The heart rate of low energy exercise should be controlled at 100-130 beats / min.

  In addition, the technical content of the exercise program picked up can not be too high, once the elderly without the sports foundation, as long as there is fitness meaning, they can enter the role immediately.

It should be loose during the exercise time, either in the piecemeal time after the meal, or in the morning and evening. The time can be long and short, and flexible.

  Dancing, which is good for physical health and dance is a kind of cultural and recreational activities that combine dance and music, which is beneficial to the physical health of the elderly. It is also a convenient physical exercise.

Older people can dance ballroom dancing, age disco, dance in a cheerful, melodious music melody, transform people to feel happy and happy, especially dancing disco, graceful, relaxed, lively and unrestrained, as ifBack to the youth.

In a cheerful atmosphere, you can also eliminate the fatigue and psychological tension of the brain, making the whole body feel relaxed and coordinated.

Dancing is a kind of general exercise. It is exercised through various organ systems to enhance the body’s metabolism, speed up the heartbeat and breathing, and the heart outputs more blood to the whole body; it can increase appetite, promote recovery and peristalsis, improve digestion and absorption capacity;Increased complications, strong muscles, strong gait; there are certain possibilities for coronary heart disease, hypertension, osteoarthrosis, obesity, constipation, etc.

But the rhythm of dancing should not be too fast, such as palpitations, chest tightness, shortness of breath, dizziness, etc., should sit down and rest.

  Walking, adhering to the highest rate of walking helps to maintain good health.

Experts point out that walking 6 kilometers a day can not only help people lose one pound a week, but also make bones and muscles healthier and stronger.
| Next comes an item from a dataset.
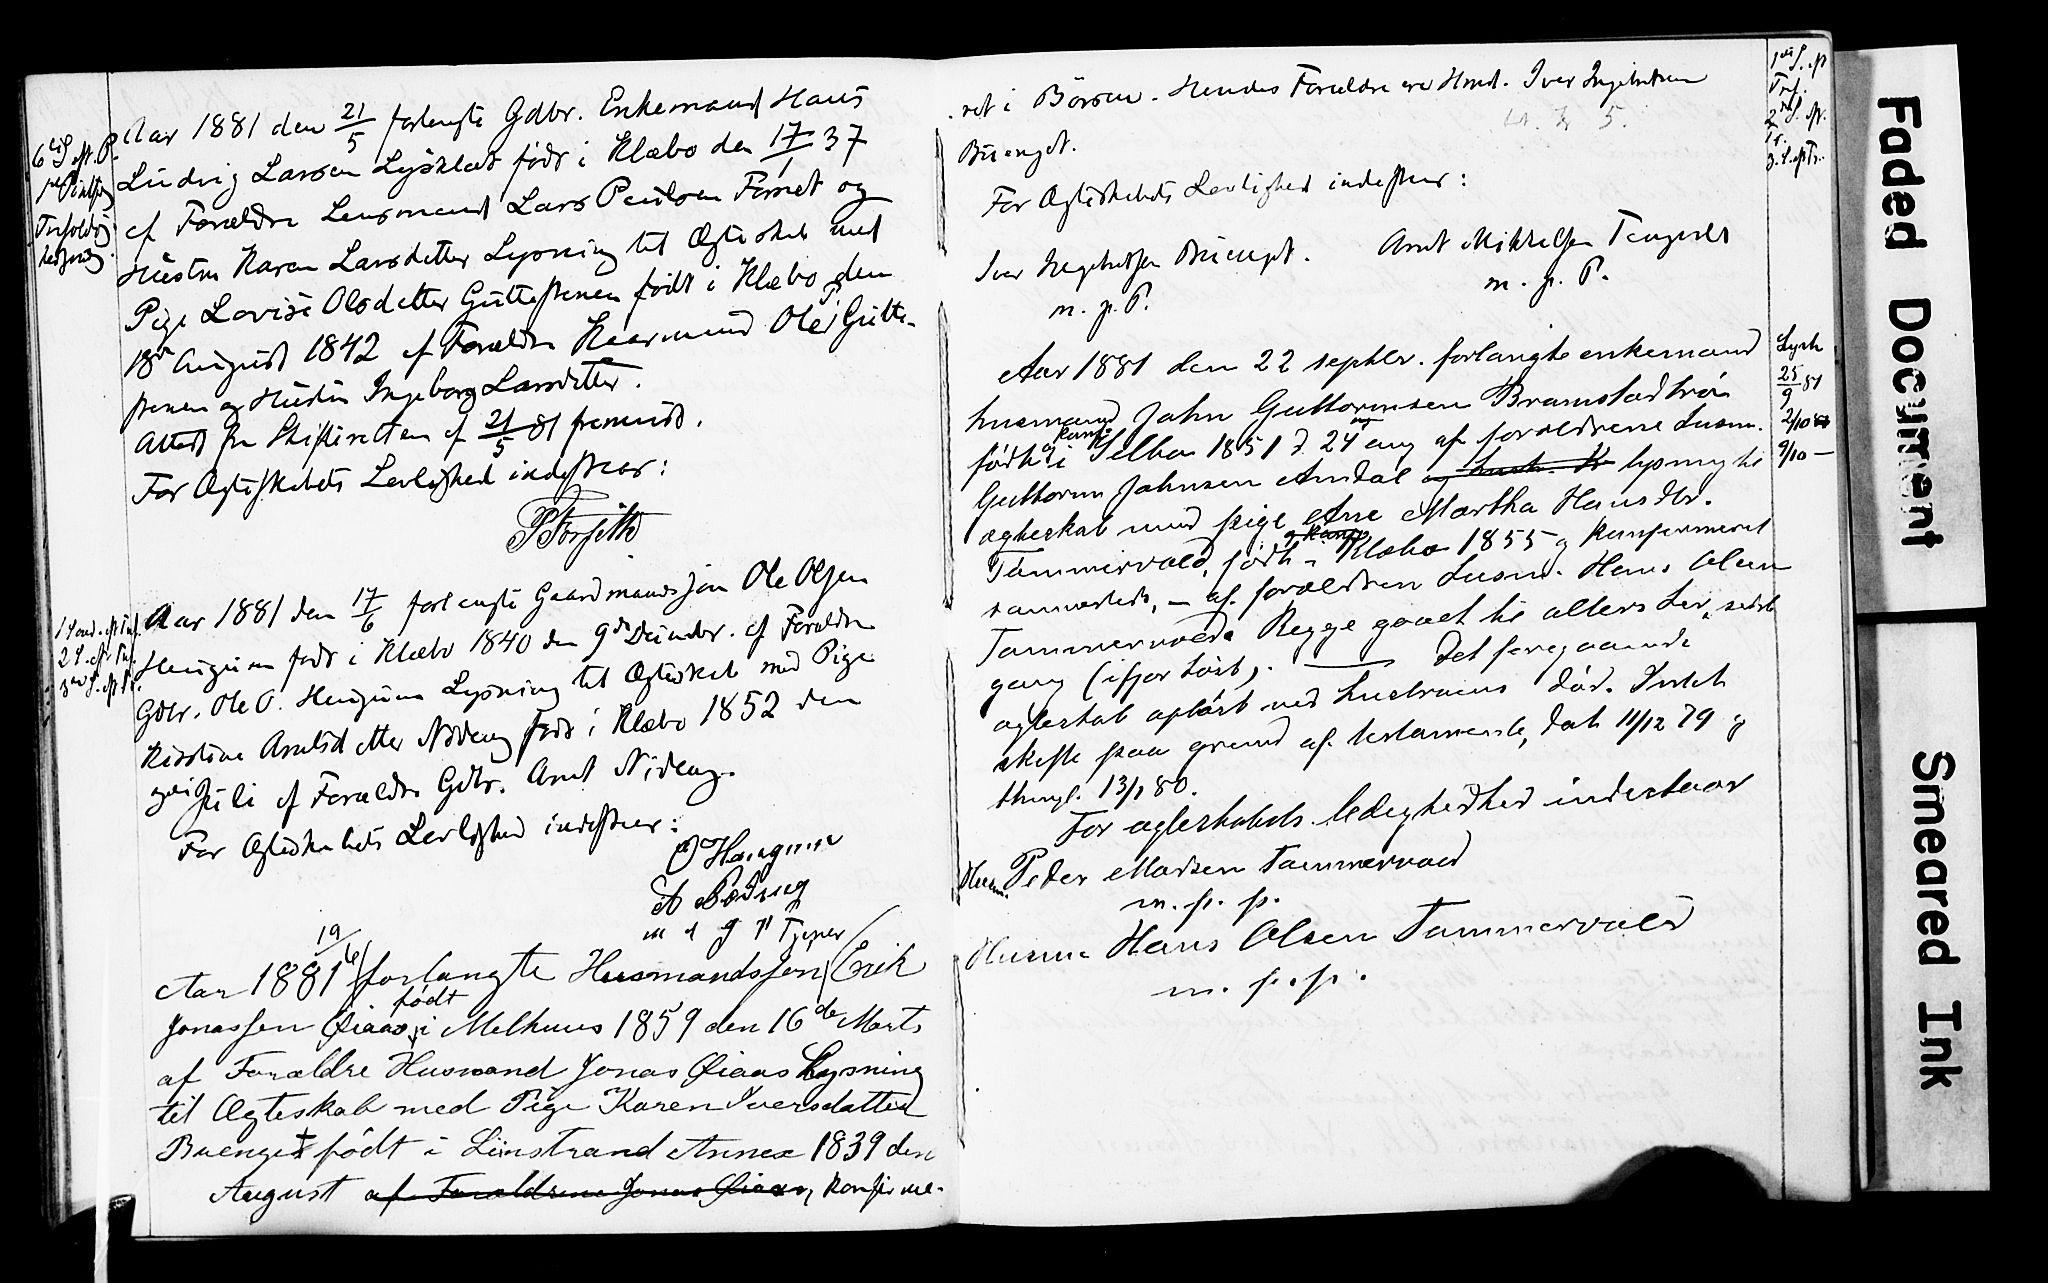 SAT, Ministerialprotokoller, klokkerbøker og fødselsregistre - Sør-Trøndelag, 618/L0445: Lysningsprotokoll nr. 618A08, 1863-1898
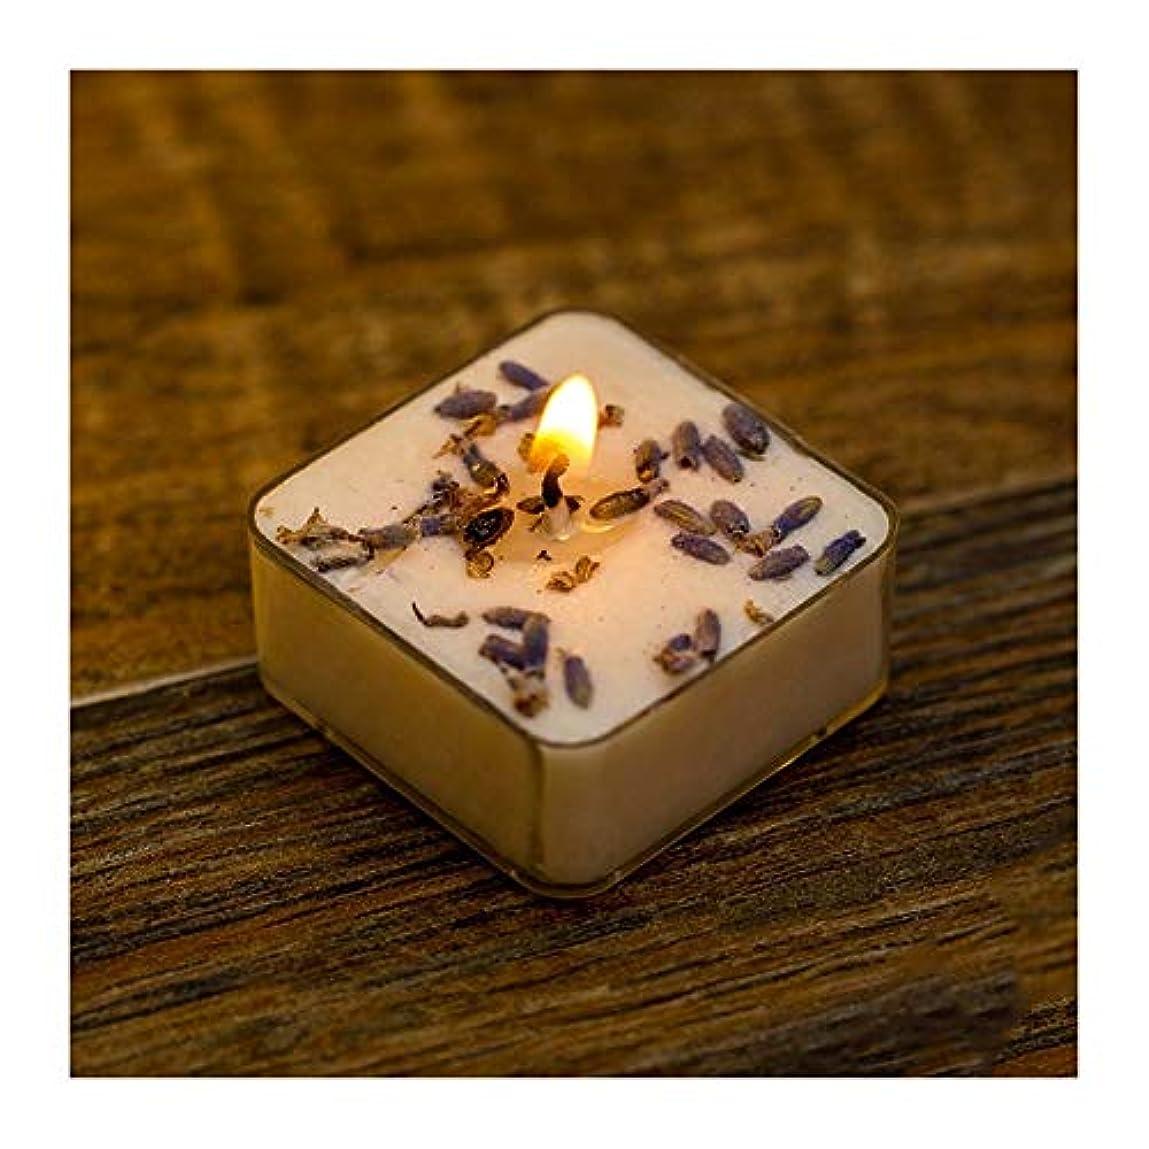 起きる見つけるカプセルGuomao 無煙アロマキャンドル手作りのカスタムロマンチックな結婚誕生日の雰囲気のラベンダーフレーバーキャンドル (色 : Green tea)

  Walking is the highest rate of adherence in all fitness activities and the risk of injury is low.

A foreign study shows that women who started walking programs as early as 10-15 years ago have a small chance of suffering from heart disease.

  Ordinary walking and fitness walks are different, and slow walking muscles are less powerful.

Therefore, the effect is extremely small. To improve health, the walking pace must be larger than usual, fast and lasting.Experts suggest that to achieve the goal of walking fitness, you need to walk 90-120 steps per minute, walk 40-50 minutes a day, 3-4 days a week, the arm tries to swing, the length of the step is equivalent to 45% of the length -50%.

  Although there are benefits to walking, it should not be excessive, otherwise the effect will be reversed.

  In short, the elderly should exercise without any mental burden, so that the process of activities is completely a process of fitness, and it is a process of purifying the mind and eliminating mental stress.